To provide further practical evidence that the method does not require knowledge of boundaries, we present a new benchmark called StreamingPermutedMNIST-Hard. This benchmark does not provide any boundary between tasks. From the full data stream of tasks, we create random chunks of sequential data and provide them to the methods for continual learning. We execute an evaluation after the complete data stream, considering held-out splits composed of all tasks. We report the average accuracy across them (equivalent to the t = 10 column in Tables 2 and 3 of the paper). The Table below shows the empirical results over 10 seeds. We observe no negative impact in the VCL/TD-VCL methods in comparison with PermutedMNIST-Hard. In fact, some methods improved performance, because we are likely replaying the same task into different chunks, alleviating the catastrophic forgetting challenge. The proposed objectives still outperform all other methods.
StreamingPermutedMNIST-Hard:
| Method | t = 10 |
|---|---|
| Online MLE | 0.54 ± 0.09 |
| Batch MLE | 0.64 ± 0.09 |
| VCL | 0.82 ± 0.05 |
| VCL CoreSet | 0.85 ± 0.04 |
| N-Step TD-VCL | 0.89 ± 0.02 |
| TD(λ)-VCL | 0.89 ± 0.02 |
Q9 Does TD-VCL assume knowledge of task information?
A9 Following the answer to the previous question, we argue that the TD-VCL objective does not require task information. We have a single replay buffer for all tasks, and the data is mixed. We also make sure that the newly introduced benchmarks (PermutedMNIST-Hard, SplitMNIST-Hard, SplitNotMNIST-Hard) are all built with single-head classification architectures.
Q10 How does TD-VCL relate to/address "catastrophic interference"?
A10 We found the formal definition of catastrophic interference and catastrophic forgetting to be equivalent, as in [7, 8]. We believe the question relates to negative transfer between tasks, i.e., learning a new task negatively correlates with learning another one.

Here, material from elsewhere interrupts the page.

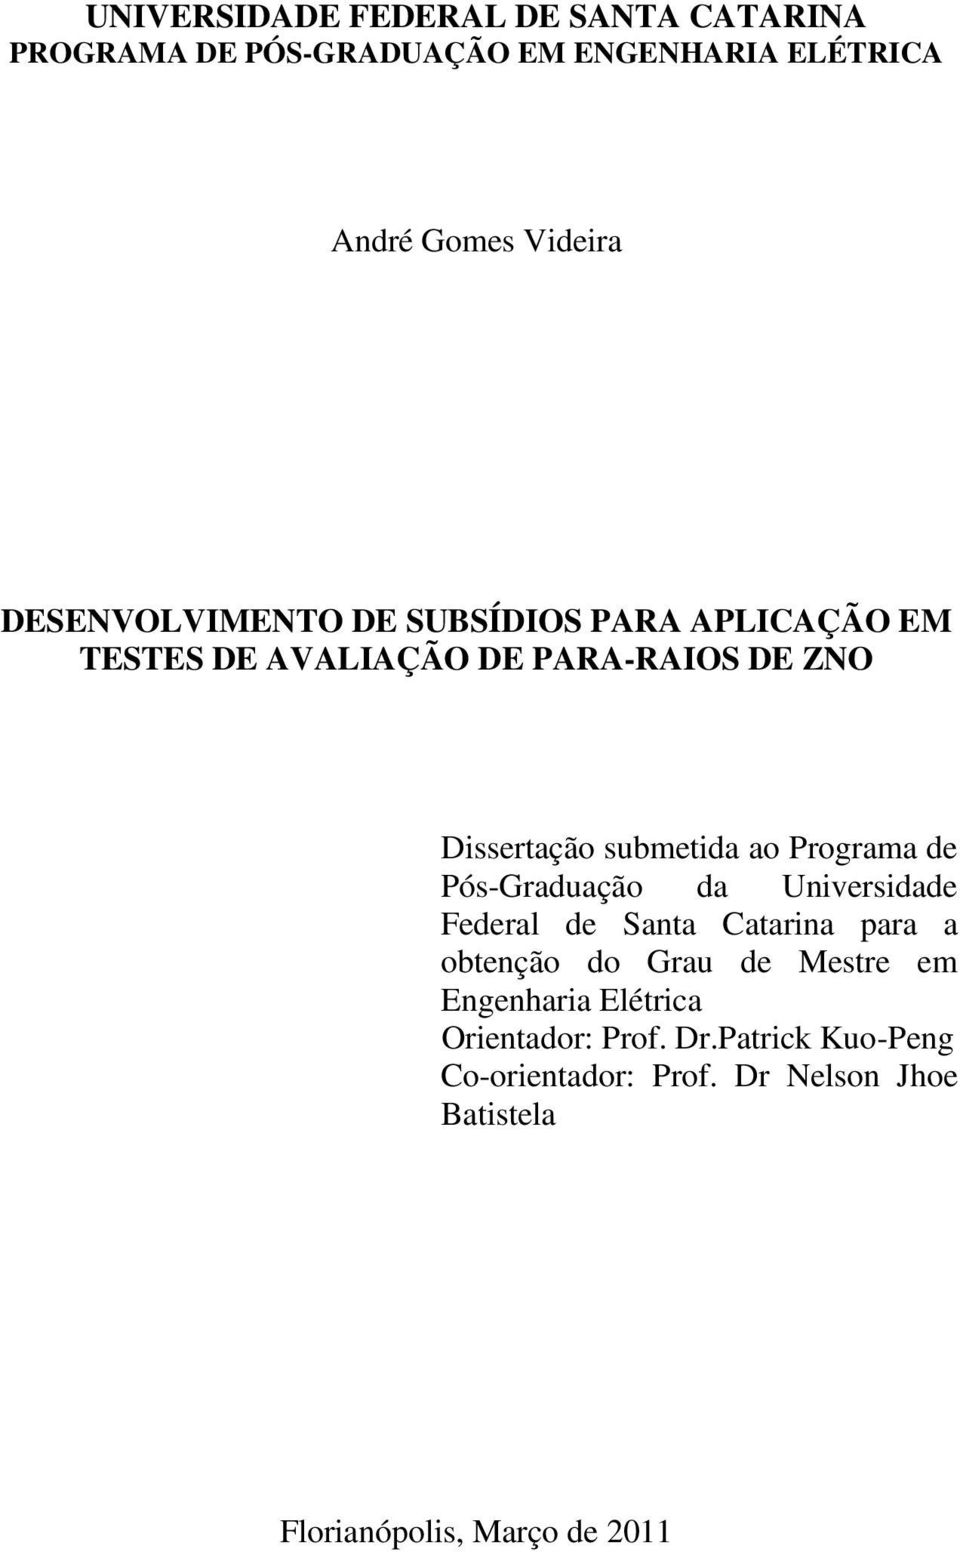 Programa de Pós-Graduação da Universidade Federal de Santa Catarina para a obtenção do Grau de Mestre em

Such task interference is often associated with representational incompatibility: the features learned to solve task A may not align with useful representations for task B. Therefore, feature reusing becomes misleading, which affects performance in negatively correlated tasks. We argue that this representational incompatibility is due to learning tasks in isolation: when solely learning task A, the optimization disregards task B. Alternatively, if we have a learning signal from both tasks simultaneously, then this issue is alleviated.

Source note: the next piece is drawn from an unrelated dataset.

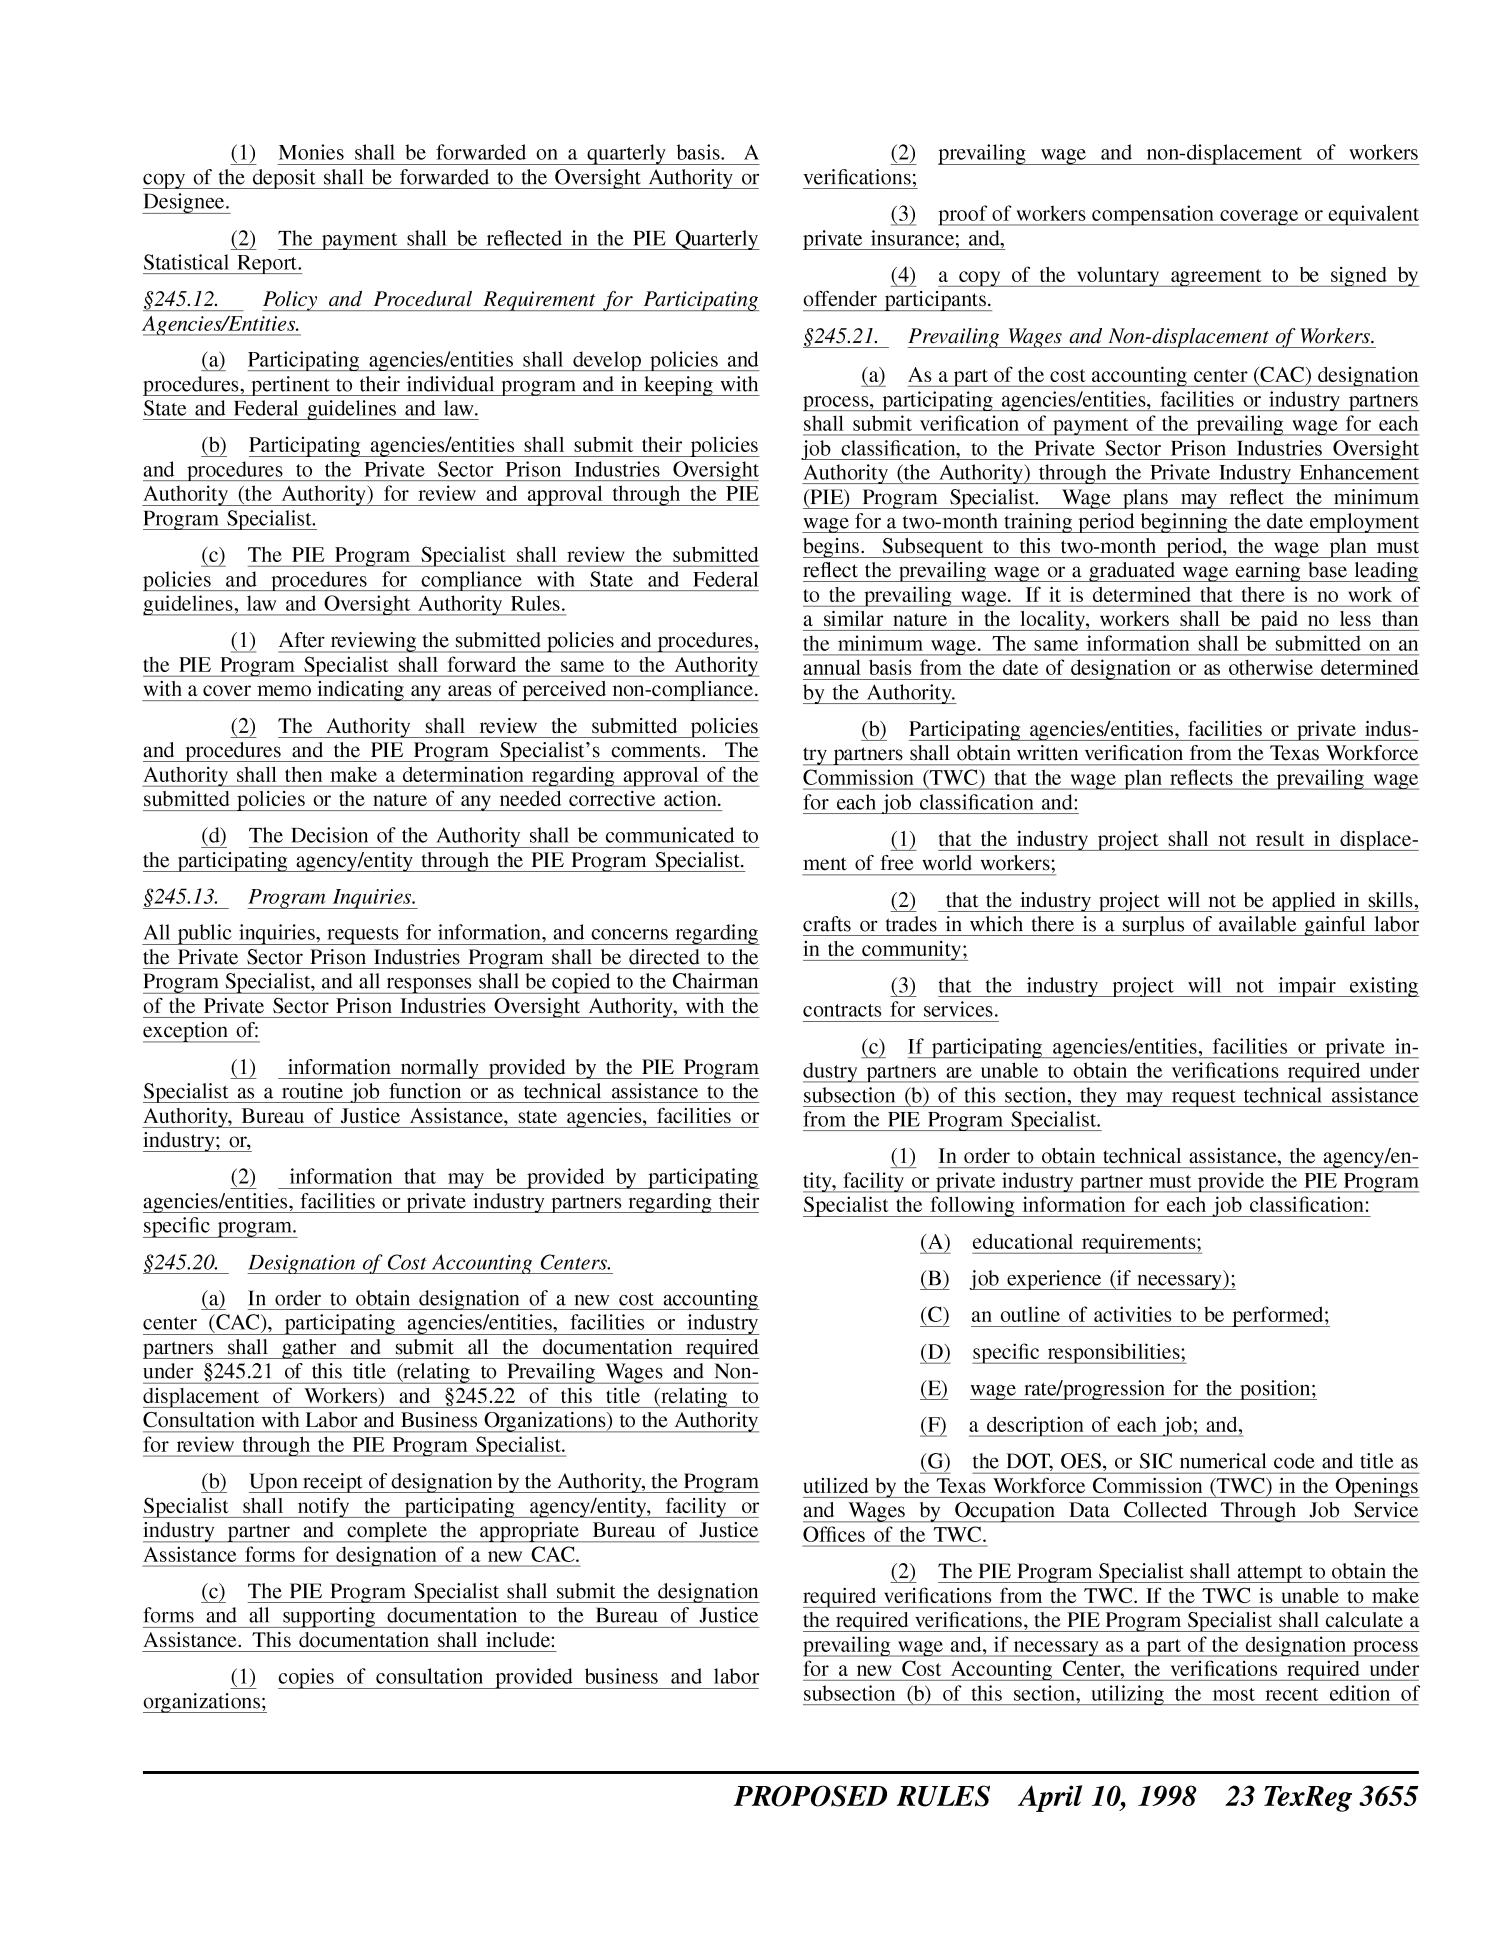 Texas Register, Volume 23, Number 15, Pages 3631-3764, April 10, 1998
                                                
                                                    3655

In this sense, we believe that the TD-VCL objective addresses such interference by allowing multi-task learning via a replay buffer that naturally emerges in its design. By replaying past tasks, the objective ensures that the learned representation does not completely disregard them, even if the buffer is tiny and limited.
On the other side, if this interference is caused by "gradient interference" [9], then it would require employing gradient projection methods (as in [9]), which is out of the scope of this work but can be readily integrated into the optimization procedure.

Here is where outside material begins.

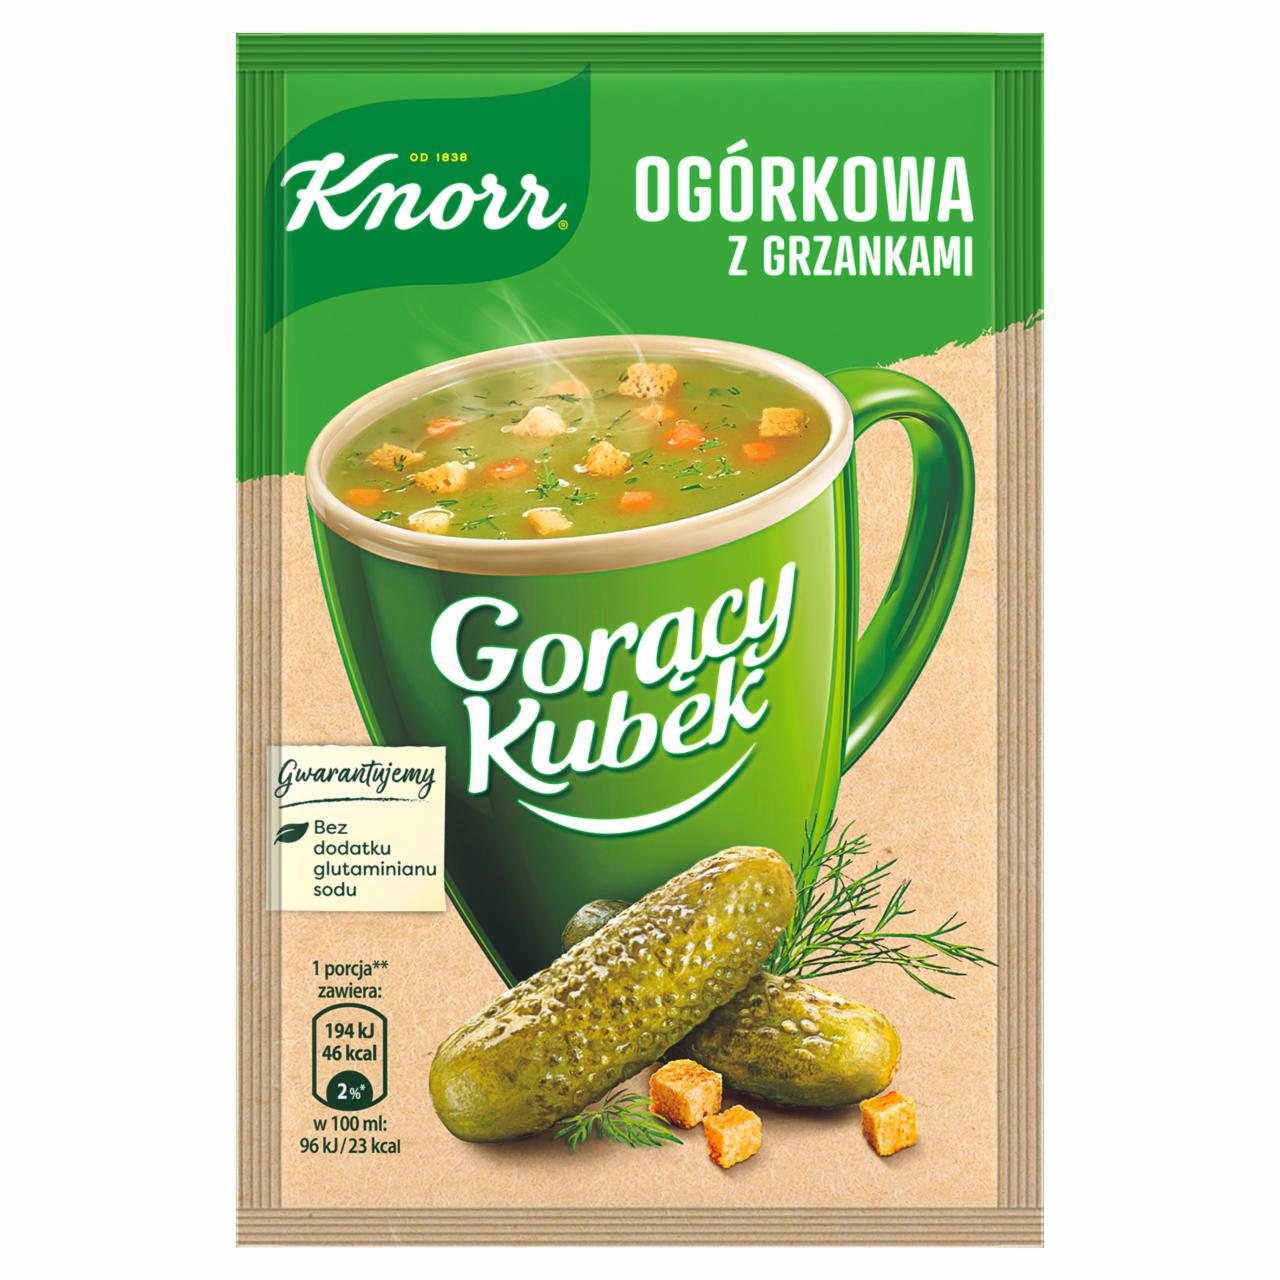 Zdjęcia - Knorr Gorący Kubek Ogórkowa z grzankami 13 g

Q11 Is TD-VCL applicable to RL problems?
A11 While TD-VCL is not an RL algorithm (in the sense of synthesizing policies for maximizing rewards), it is readily applicable for RL algorithms with probabilistic formulation and that require online learning. For instance, it can be applied to probabilistic modeling of dynamics [10] or value functions [11], and RL formulations that leverage sequential variational inference, such as probabilistic meta-RL [12]. Bayesian RL is indeed very appealing, as the epistemic uncertainty estimates could be directly used for active exploration or conservative policy learning.
References
[1] Gal et. al. Deep Bayesian Active Learning with Image Data. ICML, 2017.
[2] Nguyen et. al. Out of Distribution Data Detection Using Dropout Bayesian Neural Networks. AAAI, 2022.
[3] Depeweg et. al. Decomposition of Uncertainty in Bayesian Deep Learning for Efficient and Risk-sensitive Learning. ICML, 2018.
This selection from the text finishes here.